Другой фактор, не вошедший в официальную методику, — нарушение баланса интересов. Здесь для выявления данного проявления коррупциогенности от эксперта также требуется системный подход к содержанию нормативного правового акта в целом. Следует принимать во внимание и основные принципы отраслевого регулирования. Так, гражданское законодательство основывается на признании равенства участников регулируемых им отношений, неприкосновенности собственности, свободы договора, недопустимости произвольного вмешательства кого-либо в частные дела, необходимости беспрепятственного осуществления гражданских прав, обеспечения восстановления нарушенных прав, их судебной за-
щиты (ст. 1 ГК РФ). Соответственно, при принятии нормативного правового акта по вопросу гражданского законодательства не должны ущемляться права и законные интересы какой-либо из сторон. Если анализ акта свидетельствует о том, что в результате его принятия выигрывает только одна группа субъектов гражданского права (например, страховые организации, крупный бизнес), сама разработка данного акта могла стать следствием незаконного лоббирования интересов, давления этой группы, ущемляющего права других лиц.
И вот именно эти — системные — факторы исчезли из официальной версии методики. Бесспорно, они трудны для обнаружения, требуют от эксперта высокой квалификации.
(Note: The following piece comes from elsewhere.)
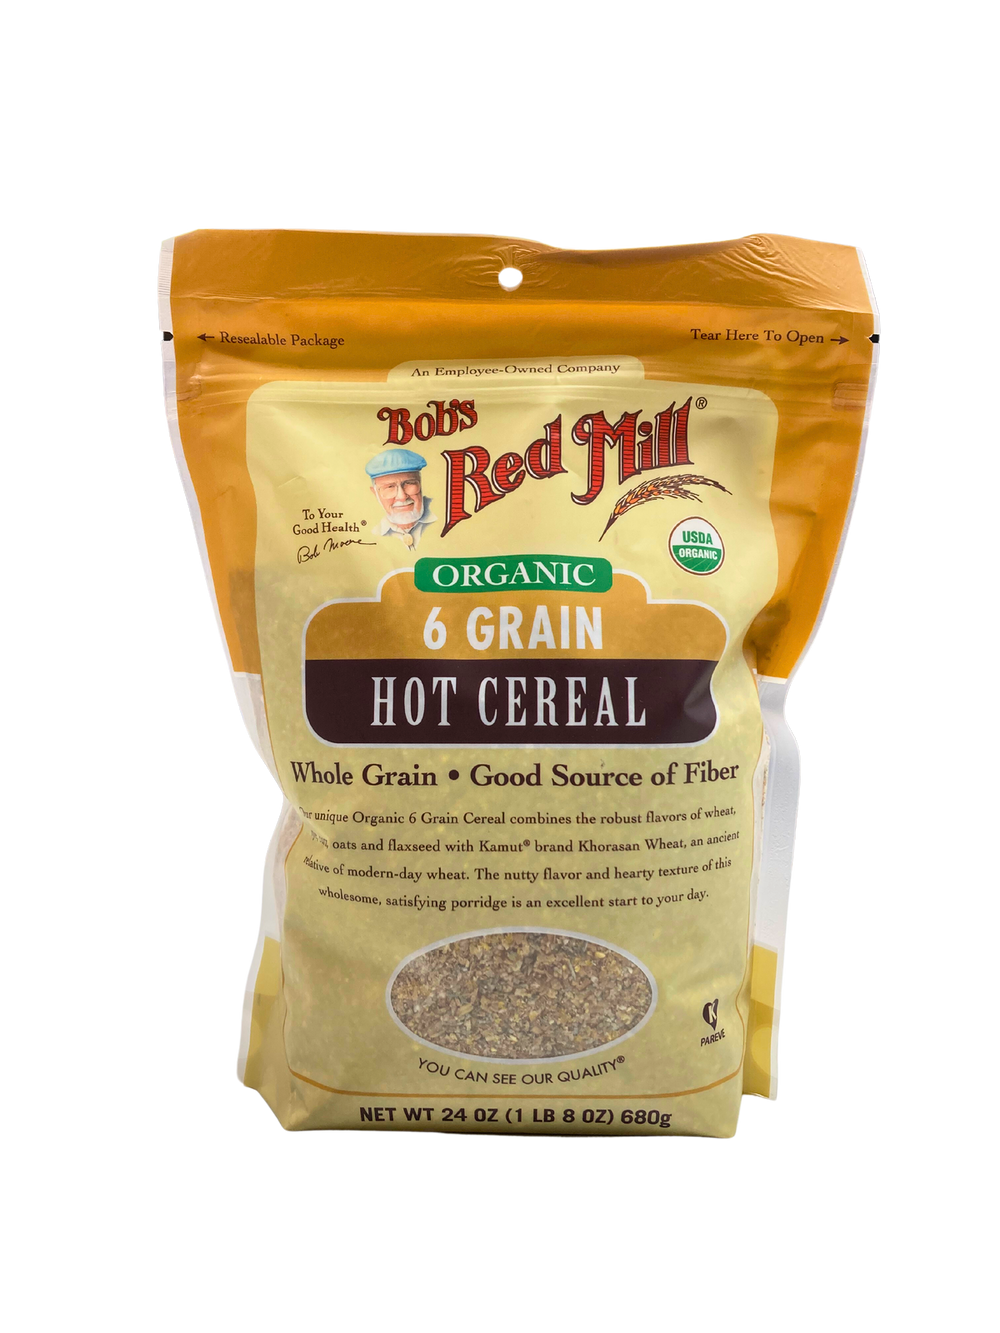 Organic 6-Grain Hot Cereal, BRM - Country Life Natural Foods

Но ведь от этого зависит качественный результат экспертизы.
Справедливости ради отметим, что Постановлением Правительства РФ от 18.07.2015 № 732 «О внесении изменений в некоторые акты Правительства РФ по вопросам проведения антикоррупционной экспертизы» в методику был возвращен коррупционный фактор «нормативные коллизии», отнесенный нами к факторам системного характера. Действительно, трудно объяснить смысл экспертизы, если она позволяет пройти мимо противоречий между нормами (в том числе внутренних), создающих для государственных органов, органов местного самоуправления или организаций (их должностных лиц) возможность произвольного выбора норм, подлежащих применению в конкретном случае.
Какие аспекты антикоррупционной экспертизы важны с точки зрения использования ИИ? Выделим несколько моментов.
Во-первых, период жизни НПА, в который антикоррупционная экспертиза обнаруживает наибольшую эффективность. Опыт и здравый смысл показывают, что экспертиза на стадии разработки и принятия проекта нормативного правового акта всегда является наиболее действенной с точки зрения устранения выявленных недостатков, а также наименее затратной. Правовая экспертиза всегда способствует повышению качества нормативного акта в целом, устранению пробелов и противоречий. Антикоррупционная экспертиза как ее разновидность преследует более узкие и специальные цели: оценить возможности применения норм в процессе деятельности органов публичной власти с точки зрения потенциальных коррупционных возможностей для недобросовестных государственных (муниципальных) служащих.
Во-вторых, антикоррупционная экспертиза — это часть большой работы над текстом НПА, направленной на достижение правовой определенности. В условиях отсутствия закона о нормативных правовых актах требование правовой определенности по отношению к НПА долгое время оставалось не сформулированным. Оно появилось в Федеральном законе от 31.07.2020 № 247-ФЗ «Об обязательных требованиях в Российской Федерации» применительно к содержанию обязательных требований (которые есть не что иное, как нормативный текст) и поясняется через ясность, логичность, понятность как правоприменителю, так и иным лицам; содержание обязательных требований также должно быть согласованным с целями и принципами законодательного регулирования той или иной сферы и правовой системы в целом.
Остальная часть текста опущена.